I have tried using dplyr without much success, and I have to do the merging by hand (which is quite time consuming and increases the risk for errors). Thank you in advance for your help with this problem!
# Create sample data frame.
id <- c(rep('Participant 1', 2), rep('Participant 2', 2))
value1 <- rep('A', 4)
value2 <- rep('B', 4)
value3 <- rep('C', 4)
value4 <- c('x', NA, NA, 'x')
value5 <- c('x', NA, 'x', NA)
value6 <- c(NA, 'x', NA, 'x')
df <- data.frame(id, value1, value2, value3, value4, value5, value6, stringsAsFactors = F)
# Use dplyr to group the data and keep the non-NA value from the other columns.
df %>% group_by(id, value1, value2, value3) %>%
summarise(value4 = max(value4, na.rm = T),
value5 = max(value5, na.rm = T),
value6 = max(value6, na.rm = T))
Another solution with dplyr and tidyr:
library(dplyr)
library(tidyr)
DF %>%
gather(var, val, Value4:Value6) %>%
filter(!is.na(val)) %>%
spread(var, val)
using the data of #G.Grothendieck, this results in:
ID Value1 Value2 Value3 Value4 Value5 Value6
1 1 A B C x x x
2 2 A B C x x x
Or another variation with summarise_each with the max approach of #G.Grothendieck:
DF %>%
group_by(ID, Value1, Value2, Value3) %>%
summarise_each(funs(max(., na.rm = TRUE)))

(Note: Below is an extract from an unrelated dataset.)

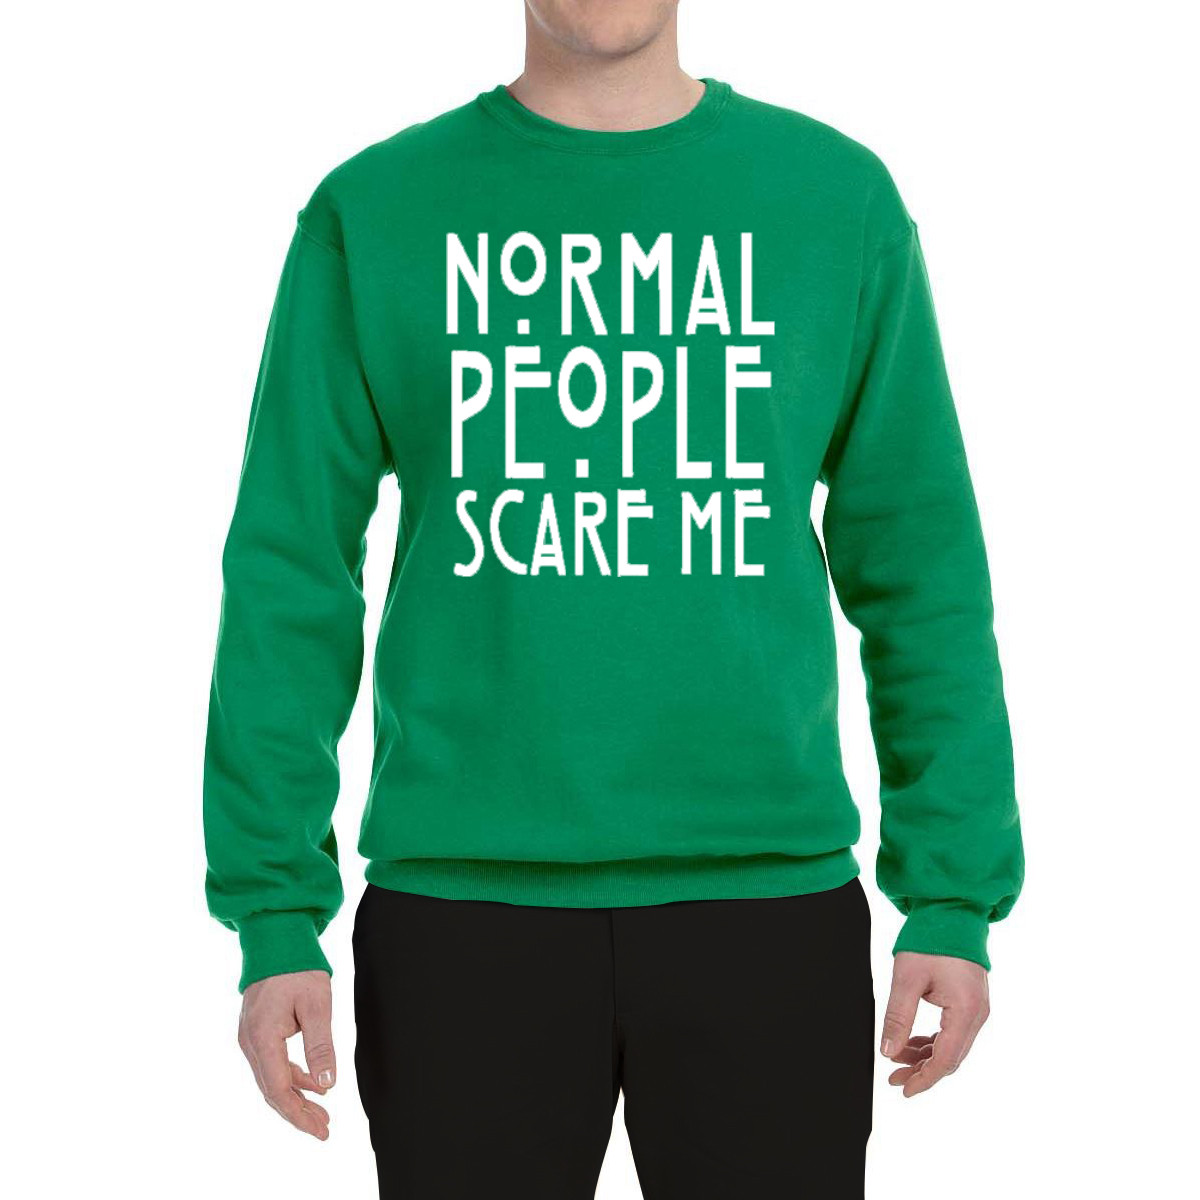 Normal People Scare Me Mens Crewneck Sweatshirt Graphic Sweater

The gather and spread options can also be translated into a solution with reshape2:
library(reshape2)
dcast(na.omit(melt(DF, id.vars = c('ID','Value1','Value2','Value3'))),
ID + Value1 + Value2 + Value3 ~ variable,
value.var = 'value')
1) Using DF defined in the Note below try aggregating using the compress function defined below. This function removes NA values and appends an NA just in case all values were removed and then takes the first of what is left. No packages are used.
compress <- function(x) c(na.omit(x), NA)[1]
aggregate(DF[5:7], DF[1:4], compress)
giving:
ID Value1 Value2 Value3 Value4 Value5 Value6
1 1 A B C x x x
2 2 A B C x x x
2) A simpler alternative if no participant has all NA values in any column is that we could eliminate the definition of compress and use max with na.rm = TRUE instead like this:
aggregate(DF[5:7], DF[1:4], max, na.rm = TRUE)
Note: The input in reproducible form:
Lines <- "ID Value1 Value2 Value3 Value4 Value5 Value6
1 A B C x x NA
1 A B C NA NA x
2 A B C NA x NA
2 A B C x NA x"
DF <- read.table(text = Lines, header = TRUE, as.is = TRUE)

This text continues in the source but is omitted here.